The "unit tests" are created by programmers and are usually madeby tests of type "white box". The purpose is to test the internal logic of the code testing each possible branch within the function (a concept known as the coverage testing). To facilitate this process often uses static analysis tools, through which all the variations of the input data are passed on to test every possible case function.
The integration tests can be divided into two different classes:
- SW integration: the modules are tested together to detect errors in the interfaces and interaction between integrated components. The tests are usually of the type "black box" since the code is not directly controlled for finding errors.
- Integration HW / SW: the architectural requirements that describe the interaction of the SW with its HW platform below are verified. Also in this case the tests are usually of the type "black box".
The System testing is testing performed on a complete and integrated system and is designed to assess the compliance of the system with the specified requirements. The system testing is a test to "black box" and, as such, requires no knowledge of the internal design of the code or its logic.
As a rule, system testing takes as input all software components, "integrated" with each other, that have passed integration testing, and the entire embedded software with all applicable hardware systems.
User acceptance testing
The acceptance testing is the testing phase used to determine whether a system meets the requirements specified in the analysis of the requirements phase. The design of the acceptance test is derived from the User Requirements document. This is the phase used by the client to determine whether to accept the system.
In summary, the acceptance testing;
- helps to determine whether a system meets the acceptance criteria;
- enables the customer to determine whether to accept the system, or not;
- allows you to test the software in the "real world" of users.
The model "V" in the safety life cycle of SW
The "V" development model, applied to the security of the software life cycle, looks slightly different than the standard model.
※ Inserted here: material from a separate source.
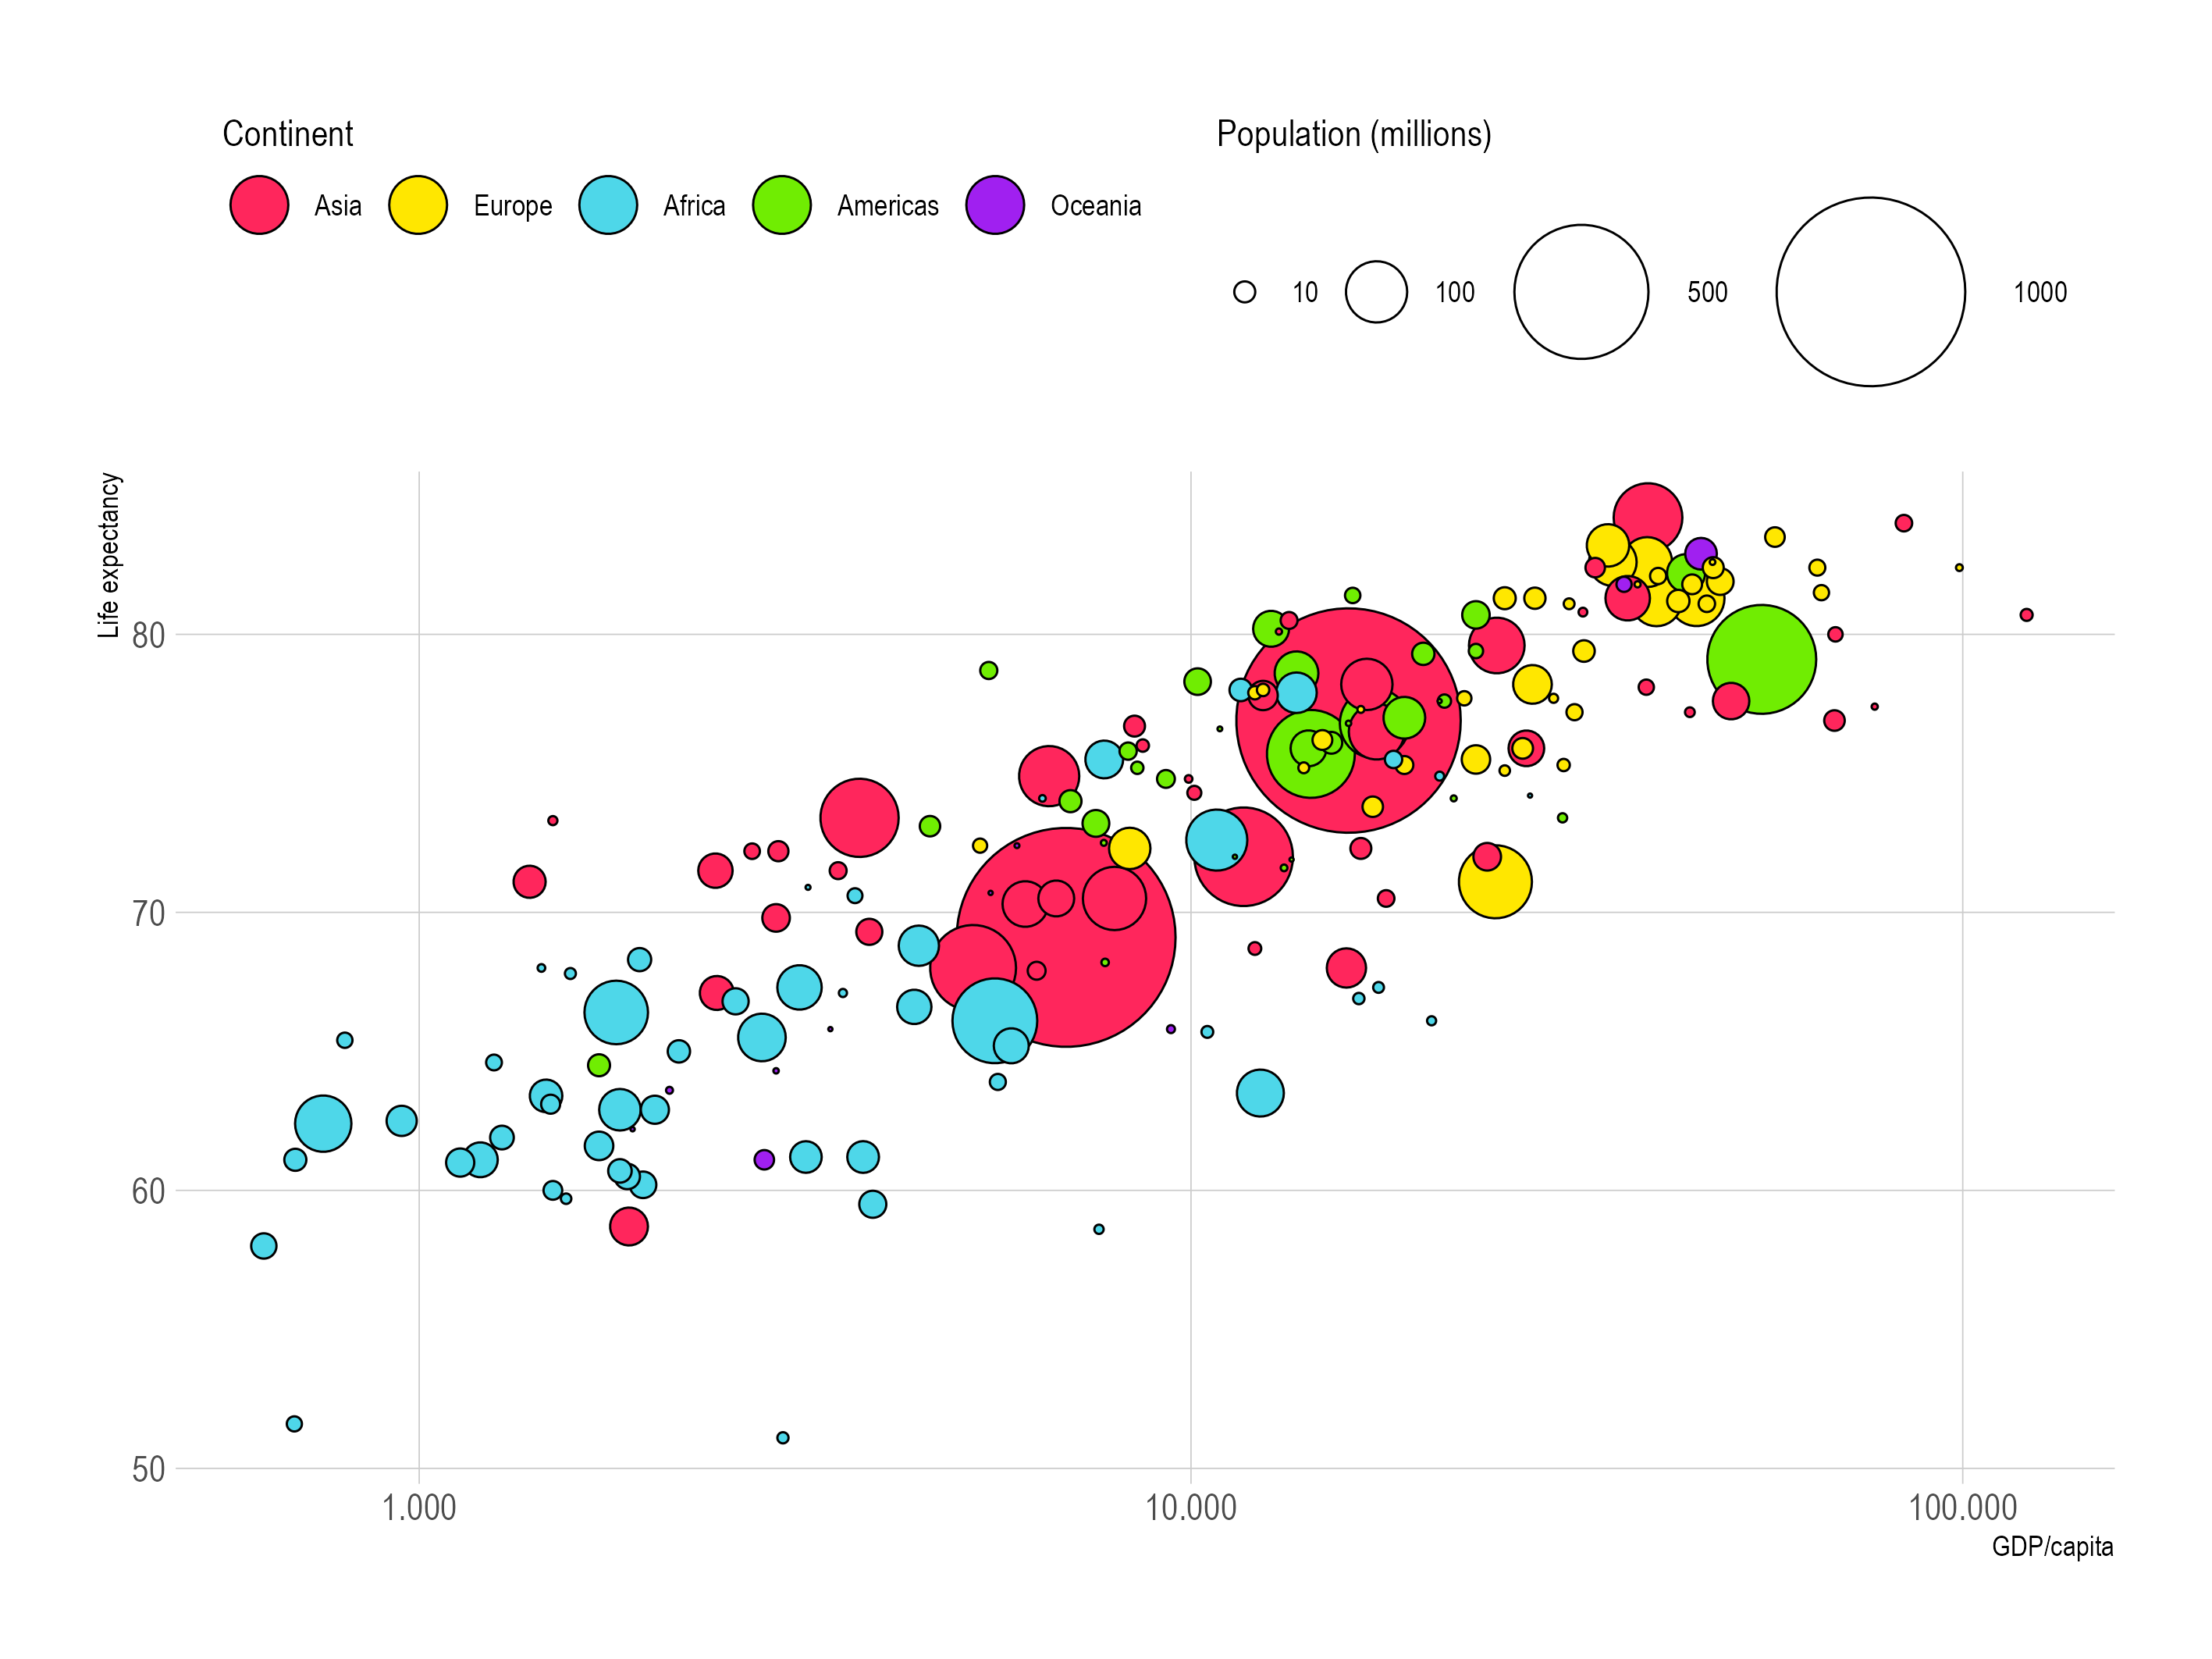 A bubble chart of countries with their life expectancy on the y axis and GDP/capita on the x axis.

This is due to the fact that the rules relating to functional safety define two life cycles, one for the system, and one for the software. The two life cycles, however, are closely interrelated and interdependent; This shows the concern of the standard, which want that hardware and software are fully integrated with each other, and, in fact, the software is thought as a component somewhat special of the system.
The main differences between the two "V" models are the following:
- In the model applied to the safety lifecycle phases of analysis of the requirements and system design are lacking. This is due to the fact that the phases of design and planning are carried out at the system level as they are closely related to the safety analysis (for example hazard & risk analysis).
- In the model applied to the safety life cycle the first phase is the definition of the security requirements of the SW. These requirements are derived from system security requirements, and thus descend from the safety analysis relating to the system in its entirety.
- In complex projects and large the architecture specification phase can be divided into two phase: the first deals to decompose the software into its main components, the second deals with decomposing the software further up to the identification of individual modules that realize each component. The first of these two phase is still considered to be related to the architecture specification, while the second is called "software design system" and should not be confused with the phase of "design system" of the standard model.
- The model applied to the safety life cycle, beyond the normal validation activity (testing), provides for a series of verification activities. These activities have the purpose of controlling the consistency of what is produced in each phase with the safety requirements. Validation and verification (the so-called V & V) are considered among the main activities that are intended to ensure the integrity of the safety of the system under construction.